*RECORDED INFORMATION*
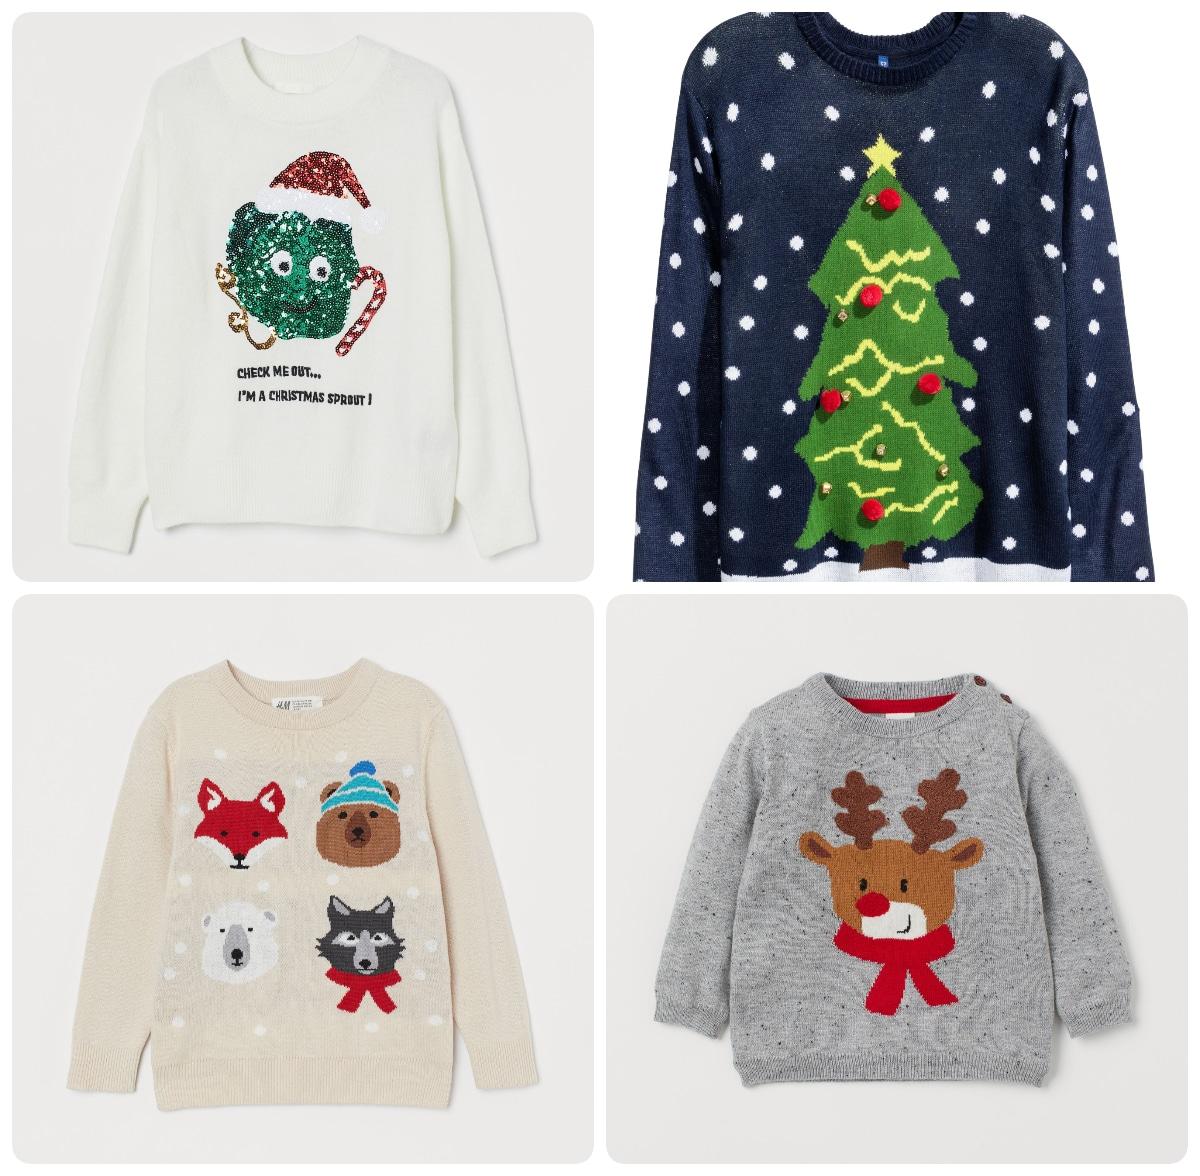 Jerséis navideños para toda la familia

==

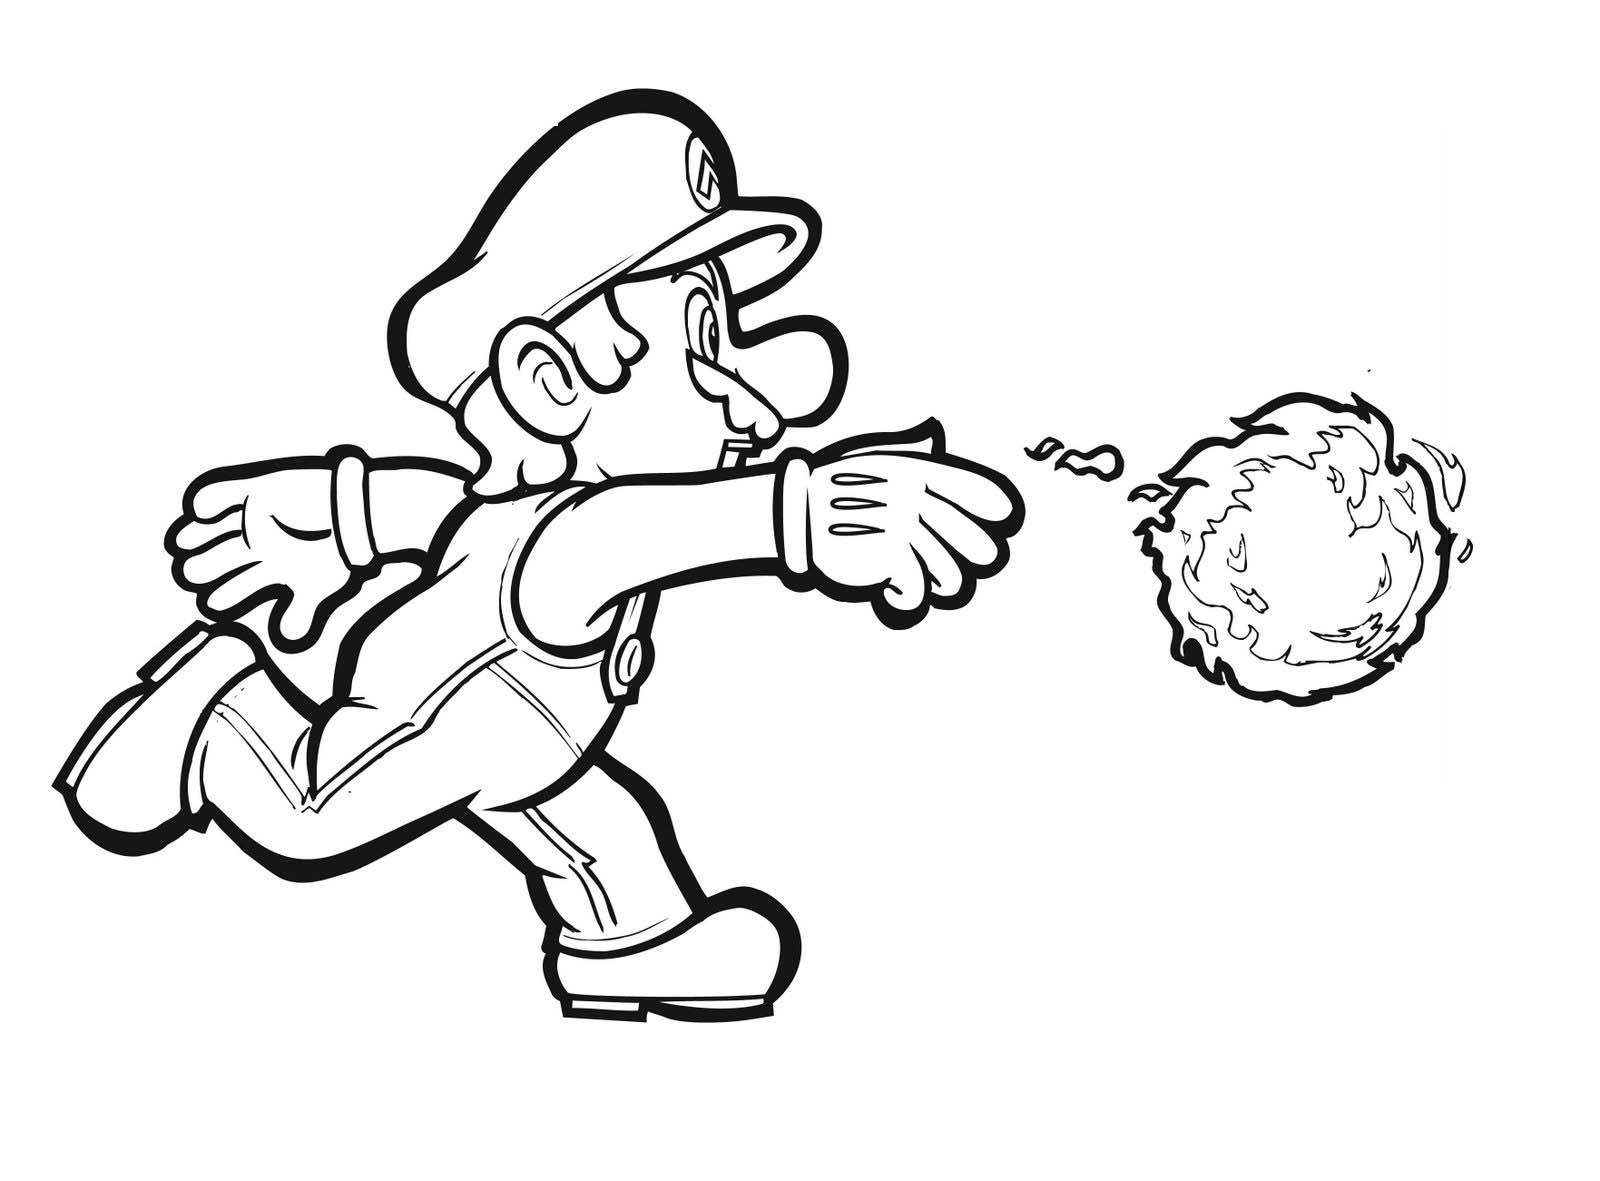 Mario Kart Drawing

* * *

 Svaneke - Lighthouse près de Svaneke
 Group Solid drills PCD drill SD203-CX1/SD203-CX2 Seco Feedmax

*WORK TASK*
The exact lines of the material above starting at the one that contains "Svaneke - Lighthouse près de Svaneke" and ending at the one that contains "Group Solid drills" are what to retype; leave out everything else.

*RESPONSE FOR THIS EXERCISE*
 Svaneke - Lighthouse près de Svaneke
 Group Solid drills PCD drill SD203-CX1/SD203-CX2 Seco Feedmax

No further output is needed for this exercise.